Every industry claims that its marketplace is innovative and changing at light speed. I hate to throw out this cliché, but it never was more apparent to me than when I saw what transpired since my last article, "Lesson Learned," regarding Google's print ad auction test.
"Rewind," an ad industry task force led by Julie Roehm, Wal-Mart's senior vice president of marketing, announced plans to explore the creation of a Nasdaq-like trading system for purchasing television media. Roehm first hinted at the idea publicly over a year ago during the Association of National Advertisers' March 2005 Television Advertising Forum in New York, when she was director of marketing communications at DaimlerChrysler. This go-around, she brought in big hitters, such as Hewlett-Packard, Microsoft and Toyota to help lead the cause--and a proposed $50 million budget for the test. Shortly thereafter, eBay won the bid to build such a system.
The Future is Now
In my last article, I predicted that the days of advertisers accepting standardized ad rates based only on yearly readership or viewership audits and not bottom-line business results are ending--sooner rather than later.
Looks like sooner just became now.
If the aforementioned isn't enough proof, consider this: Major TV advertiser Johnson & Johnson also announced that it would not buy ad time during this year's TV upfront. Even Coca-Cola Co. hinted it might decide not to buy during this period. Both moves are another indication of how advertisers want to plan and buy media on their terms--with more efficiency and higher return on investment.
Predicting the Future
When I sat down to write my last article, I didn't intend it to be the first in a series of commentaries on ad auction marketplaces. However, who could have predicted that these recent events would happen so soon? This led me to thinking about the practice of predicting.
Previously, I discussed the dynamics of a biddable marketplace and how media buying firms, including search marketing agencies, will have to evolve and adopt new technologies to succeed. I suggested we look at Wall Street and its "auction-like marketplace," specifically how mutual fund managers manage their portfolios with sophisticated software tools and portfolio-management expertise. I'd like to expand on that analogy a little further.
The fundamental approach to managing a portfolio is to predict performance. Mutual fund managers do not buy and sell securities for real-time performance. They make their trading decisions based on a desired ROI and use forecasting--how securities will perform in the future--tomorrow, next week, month, quarter and beyond to help achieve their ROI goals.
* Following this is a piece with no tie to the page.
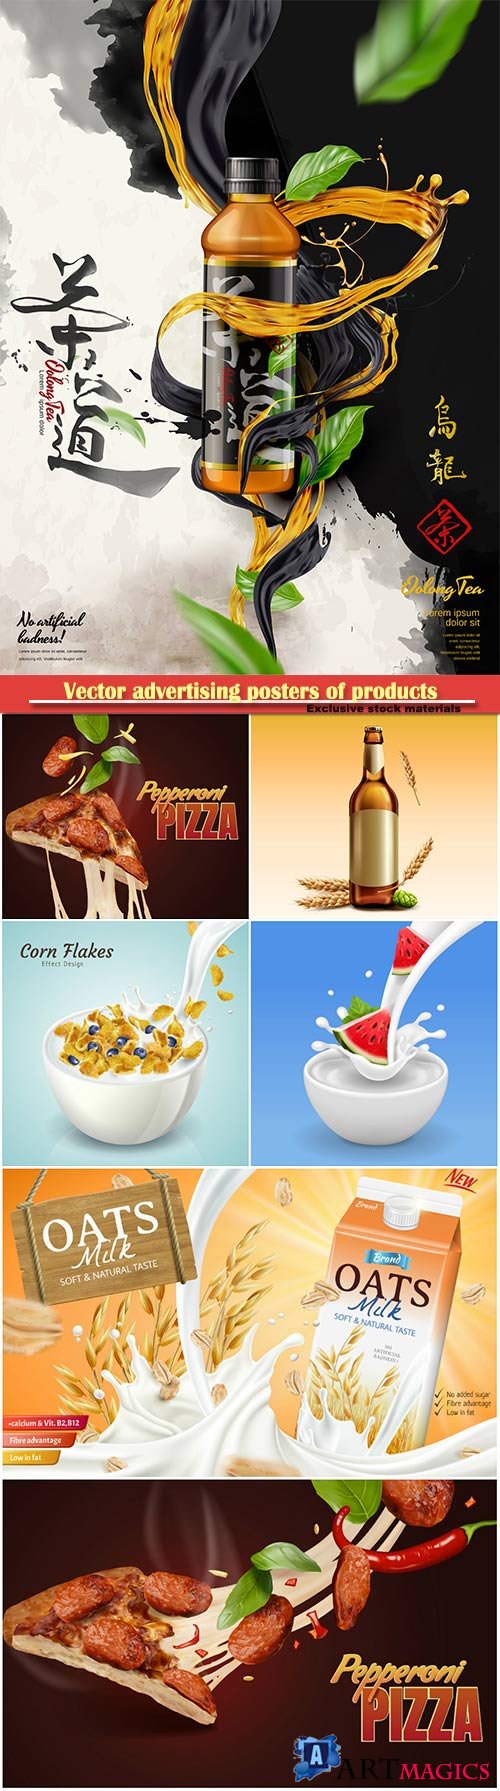 Vector advertising posters of various products

They are able to do this with advanced, predictive-modeling applications that help lead them to make better-informed predictions. Yet another lesson learned for search marketers, as well as the next generation of media buyers who will be bidding for ad space and time for their clients.
Predictive modeling is the practice of creating statistical models to anticipate future behavior. Think Amazon. In a nutshell, data is gathered, integrated, analyzed and used in a varying degree of equations to forecast future probabilities and trends. It allows practitioners to establish patterns and relationships for making better-informed decisions and reducing risks.
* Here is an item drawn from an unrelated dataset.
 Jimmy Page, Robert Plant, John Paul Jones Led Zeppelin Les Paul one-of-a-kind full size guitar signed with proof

The same principle applies to a "biddable" ad marketplace, including search, where keywords, prices and return metrics change dynamically. We all know that when you place a bid, competitor bids hit the market within seconds. What's important to remember is that it really doesn't matter whether those bids are higher or lower at that moment in time. Mutual fund managers don't care; and neither should SEMers. What matters is, if you can bid effectively on the entire portfolio to achieve the level of ROI you desire.
So how do you do that?
Predictive modeling starts with data collection and mining. The old adage that "history repeats itself" holds true to some extent. In order to make better-informed decisions, you need endless quantities of historical data and the ability to analyze multiple metrics. In search, it's terabytes of data such as bids, keywords (the more popular keywords or the head and the more obscure and inexpensive keywords or the tail), match types, time of day/week/month, seasonality, demographics, brand awareness, linguistics and copy, landing pages, geography, etc., etc., etc.
Where the rubber meets the road is how that data is used. In auction marketplaces, there basically are two fundamental factors that affect accurate decision-making: First, the mathematical and statistical formulas used to analyze mounds of data via probability predictions, regression analysis and so forth; second, the analysis--how the multiple variables of data are used to form connections and simulate outcomes.
The complex analysis is accomplished with optimization algorithms that allow you to generate "what-if" scenarios and tradeoffs to determine the optimal solution. This level of analysis takes millions and millions of data points, models the expected return on all variations of data, and automatically selects the optimal mix to create a reliable and consistent higher rate of return. As a result, you reduce risk and thus, increase the reliability level for performance.
Media buyers beware. An "Adsdaq" system is on the way. Take it from mutual fund managers and SEMers, there's more to buying in a biddable marketplace than meets the eye. It's about being able to see into the future.
Google's print ad auction test. EBay building a TV ad exchange. What's next?